As people work later in life and delay receiving Social Security, they may not be aware that such a delay means that they won’t be automatically enrolled in Part B when they turn 65. Another misunderstood part of the Medicare enrollment process is the fact that Social Security does not automatically enroll you in Medicare Part B if you aren’t yet receiving your monthly Social Security retirement benefit.  Rather, you must make a proactive Medicare Part B enrollment choice as you approach age 65.  If you are receiving your monthly Social Security retirement benefit before turning 65, Social Security assumes that you want to be enrolled in both Medicare Part A and B and will deduct the Part B premium from your monthly Social Security retirement benefit.  If that’s your situation, and you want to delay your Part B enrollment, you’ll need to proactively inform Social Security that you want to delay your Part B enrollment.

Some in Congress want to make all of this more transparent through legislation called the Beneficiary Enrollment Notification and Eligibility Simplification (BENES) Act. The BENES act has not gained much traction in Congress yet but perhaps this will be one thing on which the new House and existing Senate can agree.  Social Security would send out notices to people approaching age 65 explaining Part B enrollment including how the specific enrollment periods work. This should eliminate some of the circumstances where the transition to Part B is mismanaged resulting in lifetime late enrollment penalties.

The rules are complicated and not well understood by most human resource experts in employer benefits departments.  They typically lack the Medicare knowledge to guide their employees and retirees on Medicare enrollment.  Further, the federal government provides virtually no notification to people who are nearing Medicare eligibility about when and how to do so.  As a result, people with employer-sponsored group coverage often bear the full burden of understanding and navigating Medicare’s complex enrollment rules which can lead to costly mistakes.  The following are the rules regarding the enrollment periods for Medicare Part B:

1)   Initial Enrollment Period–The seven-month period beginning with three months before the 65thbirth month, the birth month, and three months after the birth month.

2)   Special Enrollment Period– Available to those who have continued to stay on their own (or their spouse’s) group health plan.
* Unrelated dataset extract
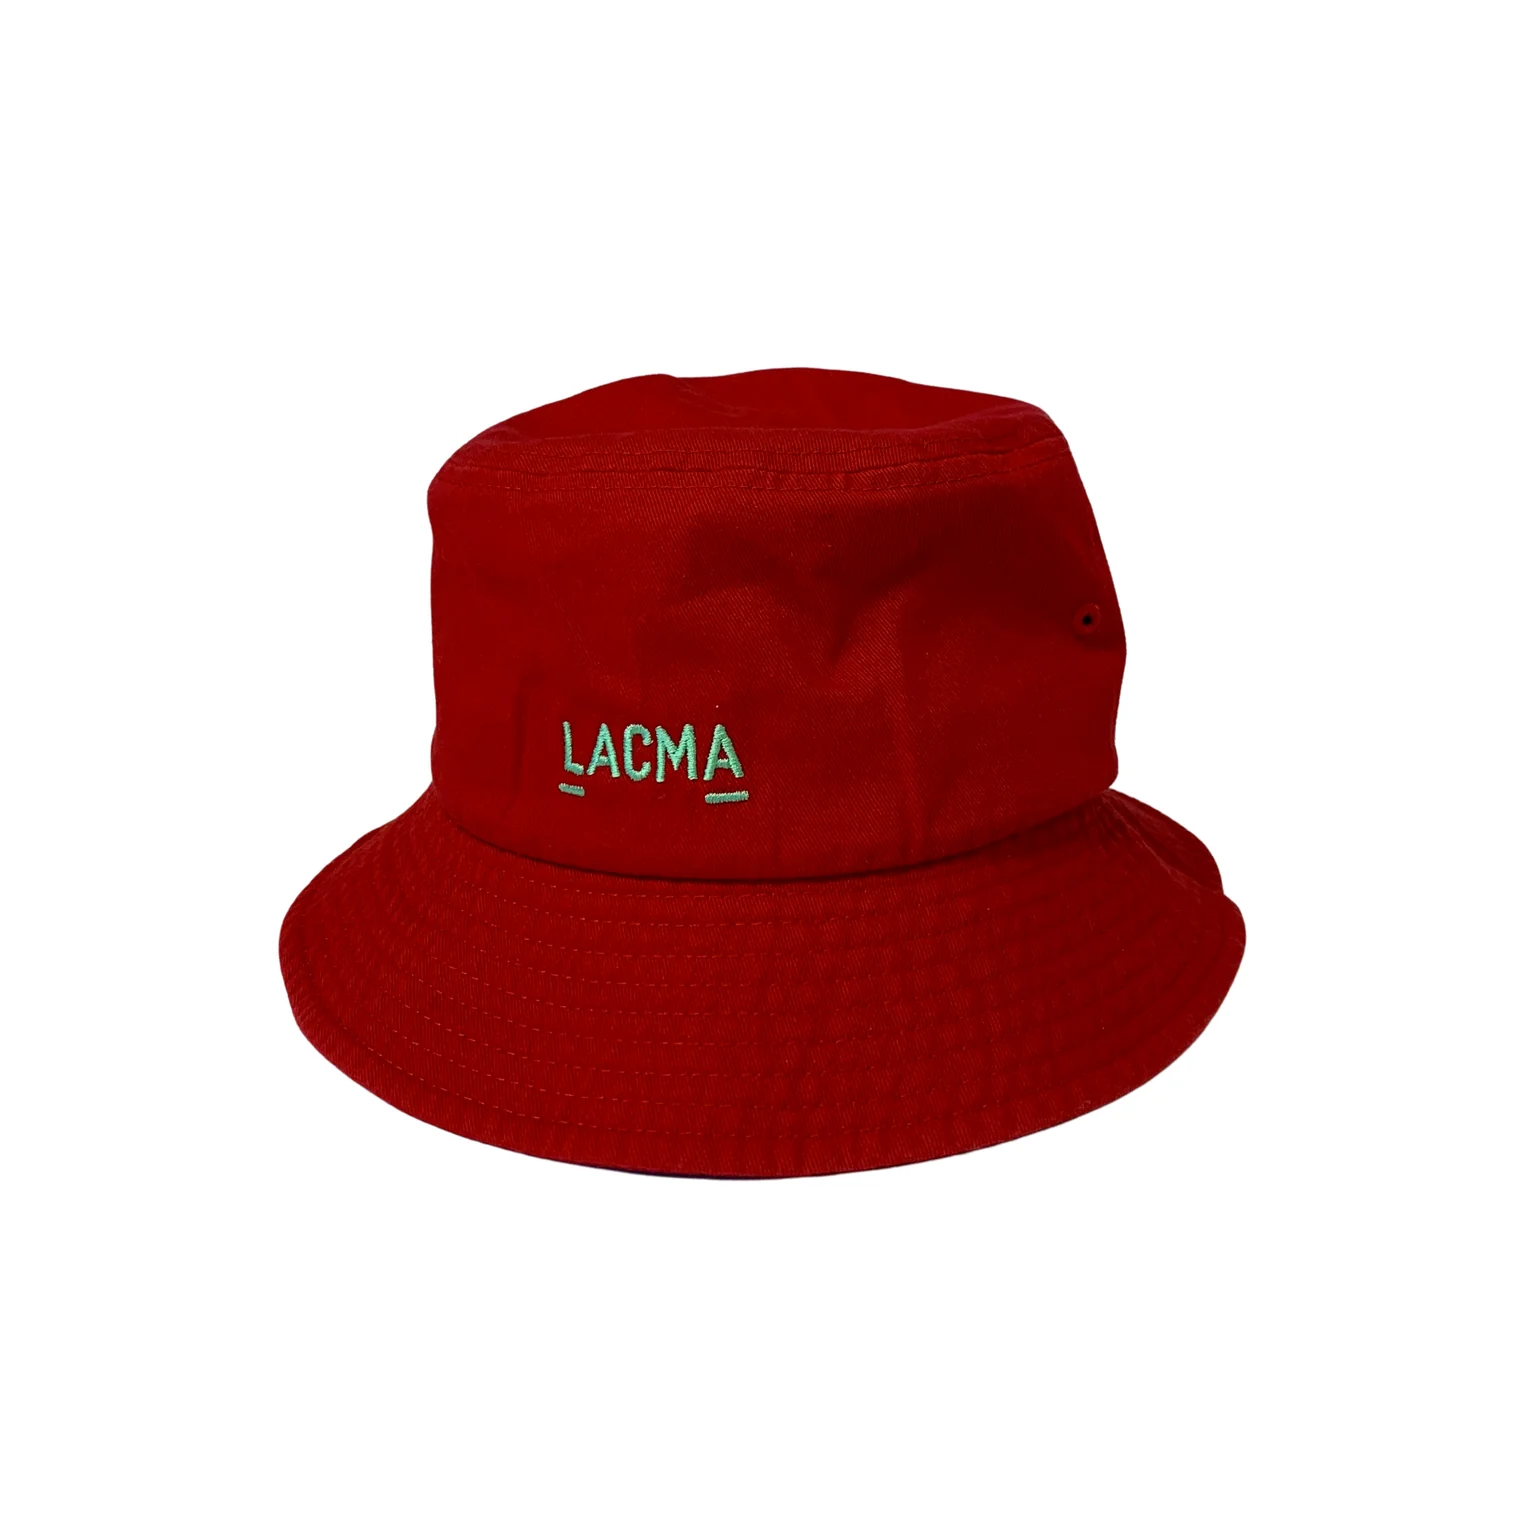 Red hat with green embroidery on front that says Los Angeles County Museum of Art

Upon termination of their enrollment in the group health plan, they have an eight-month period during which to sign up for Part B in order to avoid the late enrollment penalty.

3)   General Enrollment Period– Here’s the nasty one.  Using the General Enrollment Period means that the individual has missed their Initial Enrollment Period, or the Special Enrollment Period, and wishes to sign up for Medicare Part B. They fall into the General Enrollment Period, which they can only utilize from January 1 to March 31, but with coverage not beginning until July 1of that year.  Depending on when a person chooses to sign up from Jan. 1 to March 31, they may have encountered a “Blackout Period”, which can run up to ten months, or in some cases, even over a year, depending on the sign up time.  And that’s where they create the 10% penalty per year for each year, which lasts forever.

‘Greg Says’….The best advice I can offer with regard to the Part B enrollment question is to seek the free counsel of a licensed health insurance agent. Relying on the advice of your company’s HR department, well-intentioned friends, or trying to figure it out on your own, could result in a costly mistake from which there is no recovery.